Information supplied:
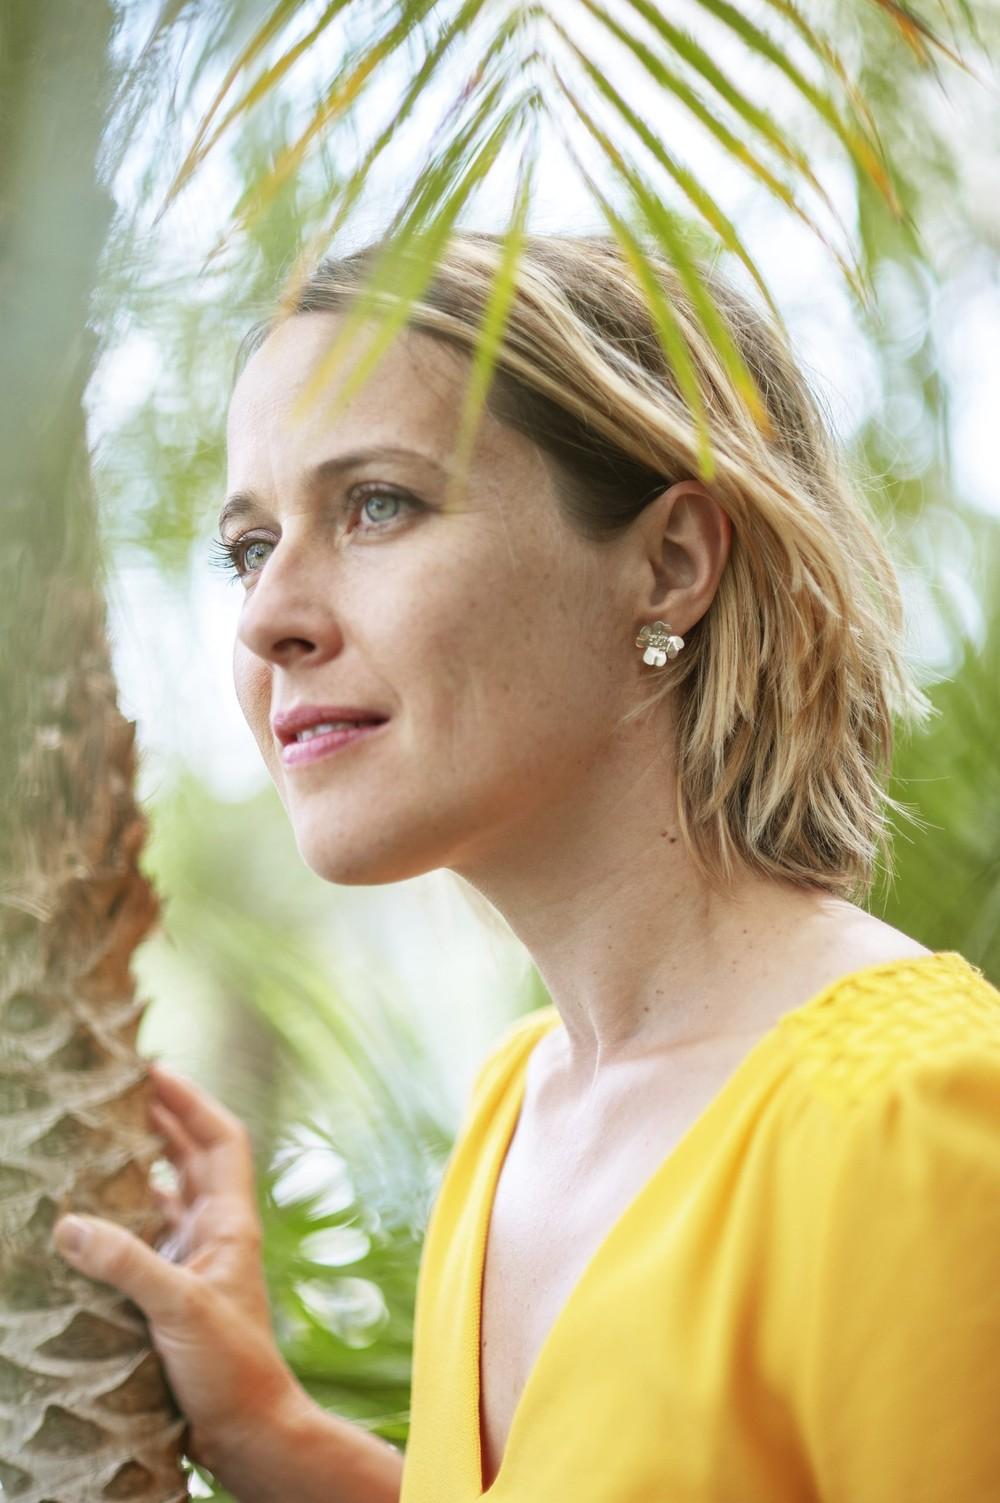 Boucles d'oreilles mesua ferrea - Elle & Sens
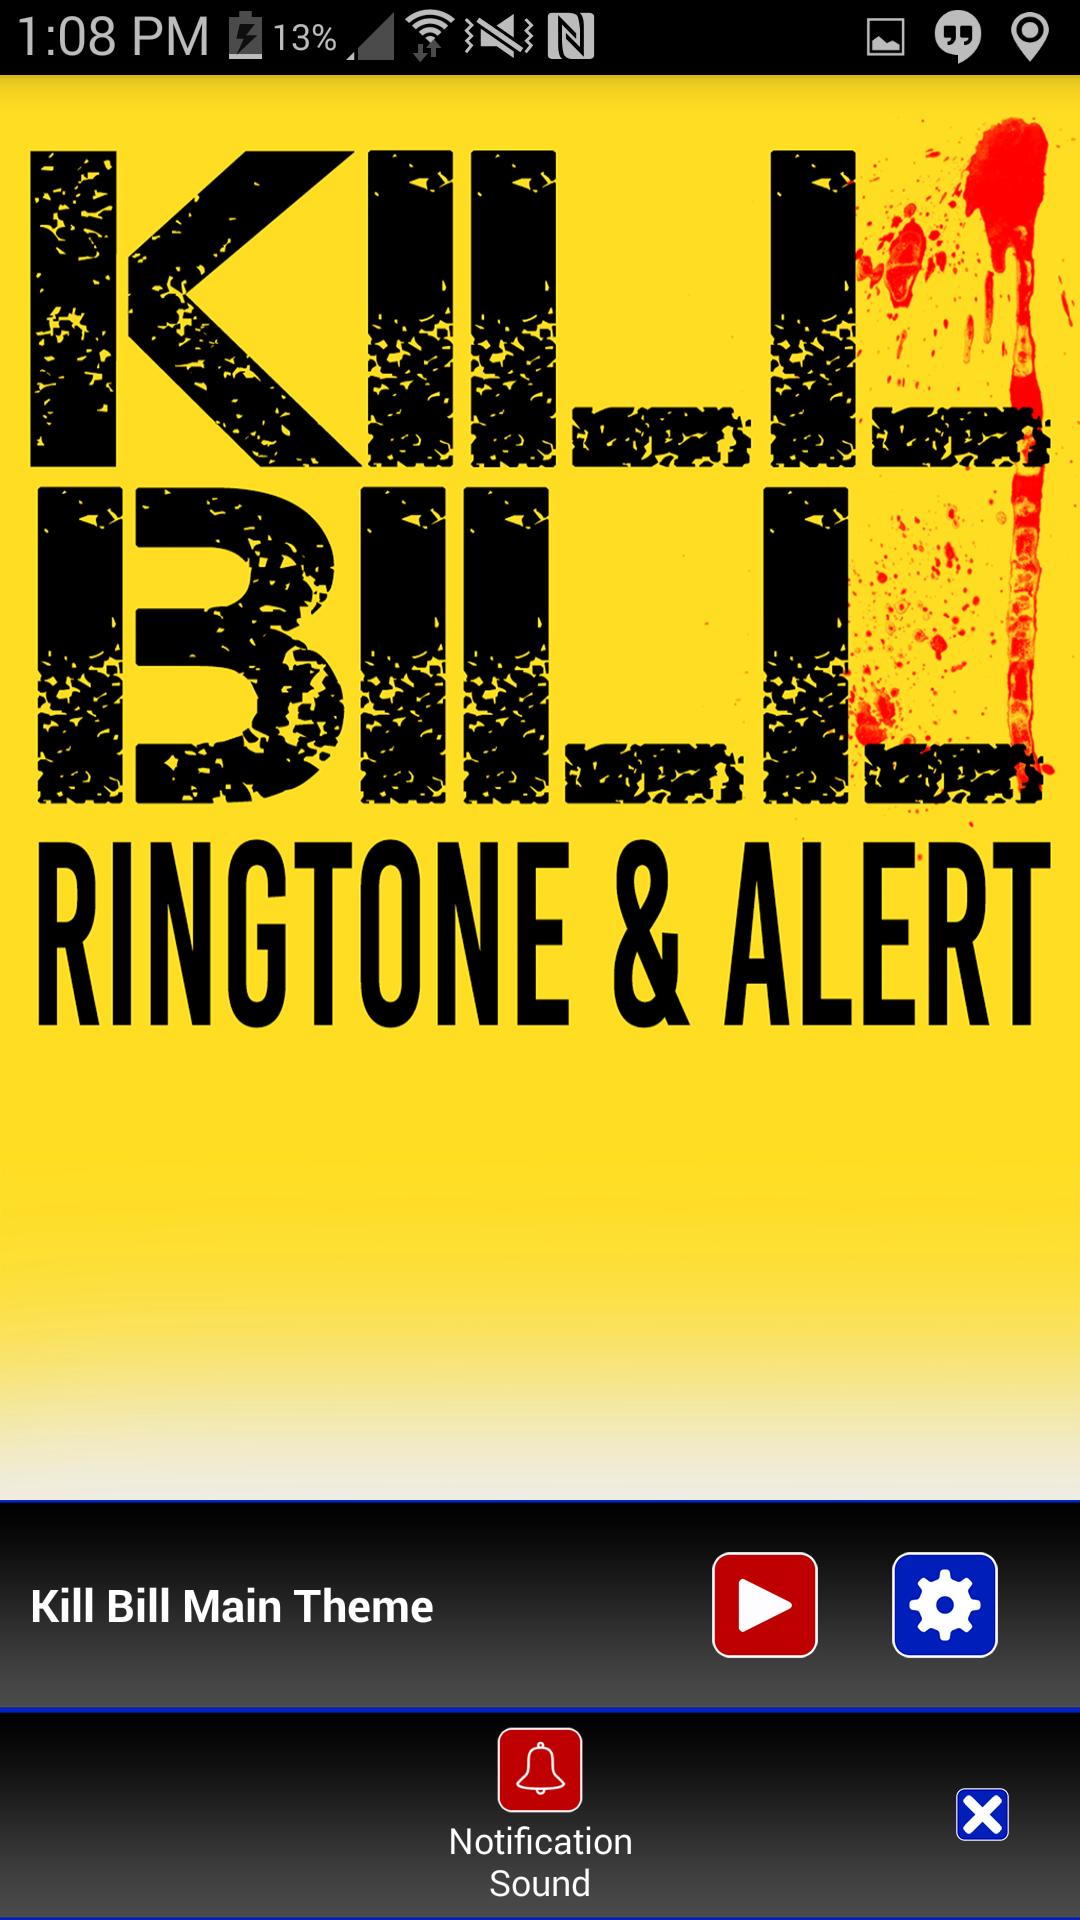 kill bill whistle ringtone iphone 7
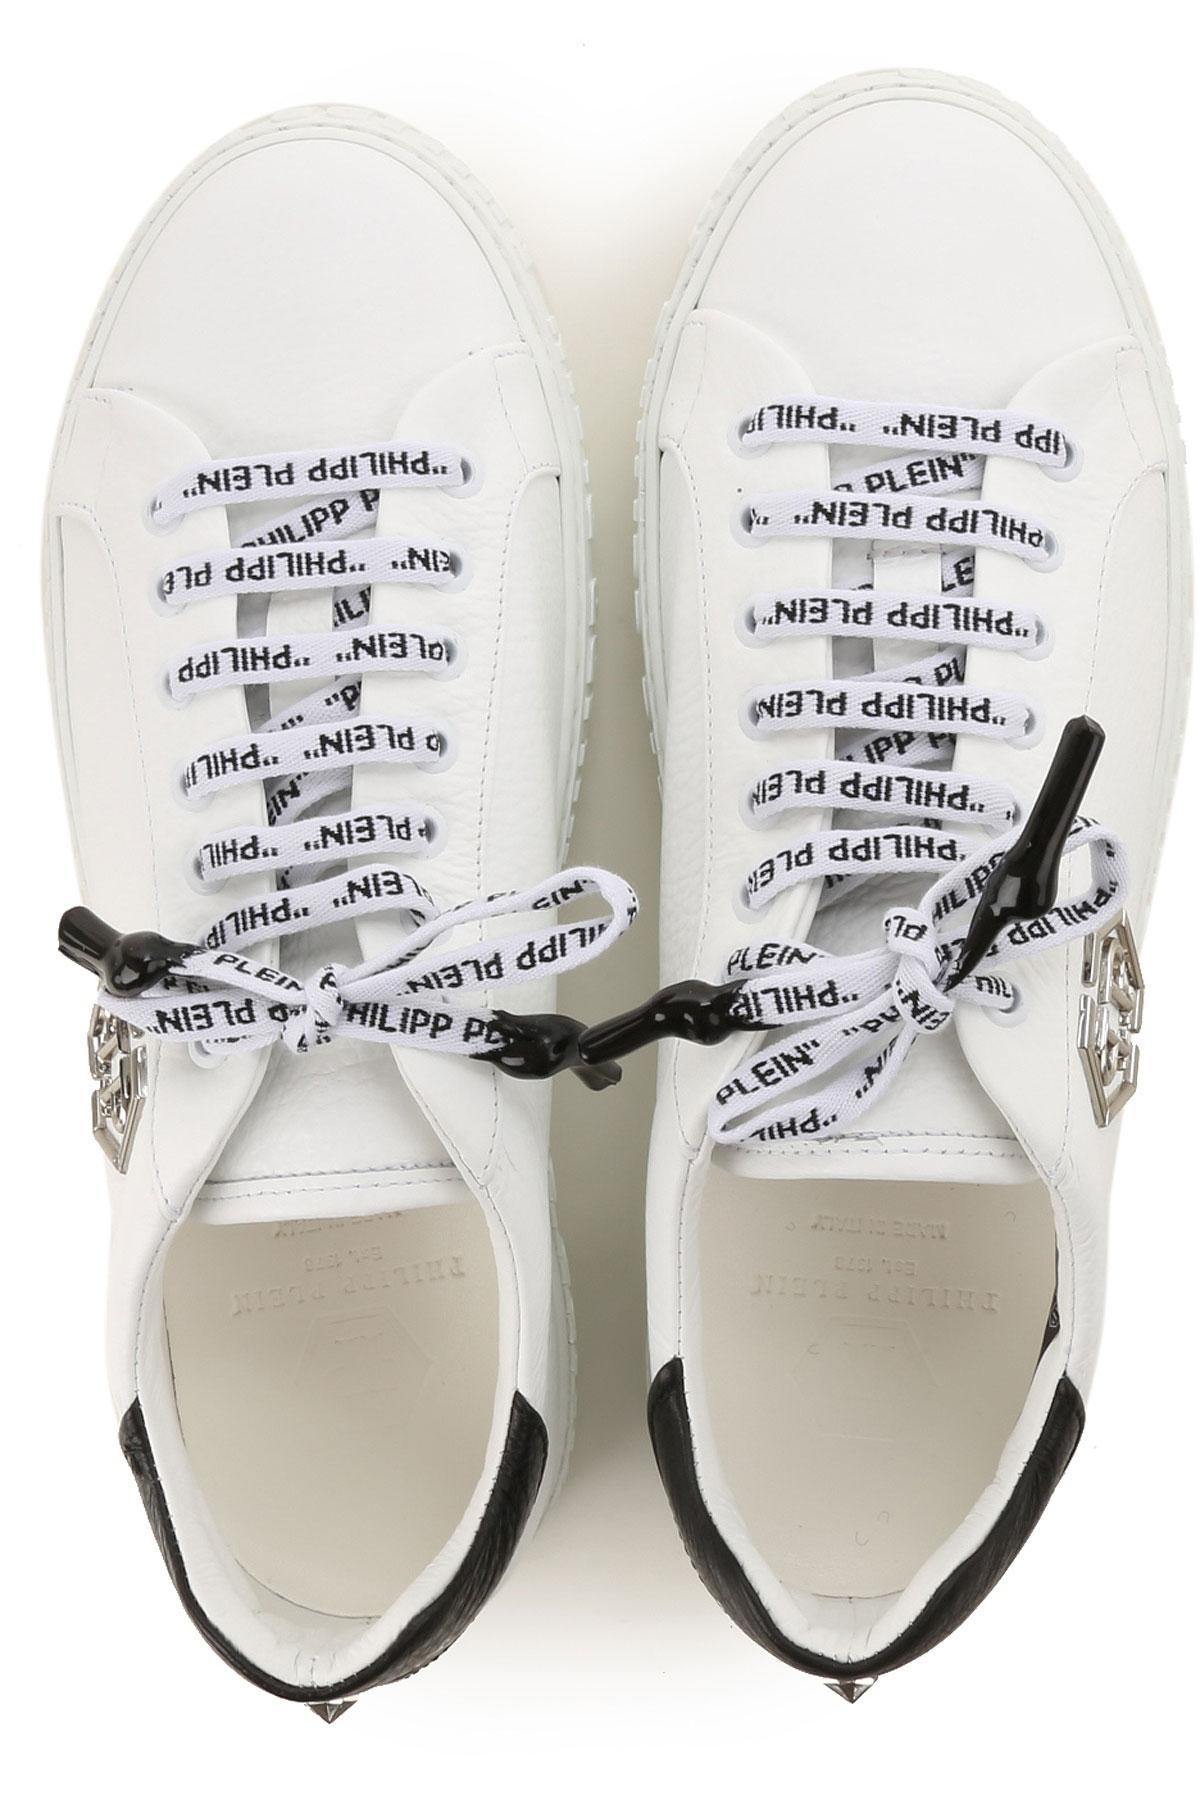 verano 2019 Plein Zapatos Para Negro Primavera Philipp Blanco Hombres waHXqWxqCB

Task brief: Transcribe the listing exactly. Its images are to be omitted.

Output for this task:
 Boucles d'oreilles mesua ferrea - Elle & Sens
 kill bill whistle ringtone iphone 7
 verano 2019 Plein Zapatos Para Negro Primavera Philipp Blanco Hombres waHXqWxqCB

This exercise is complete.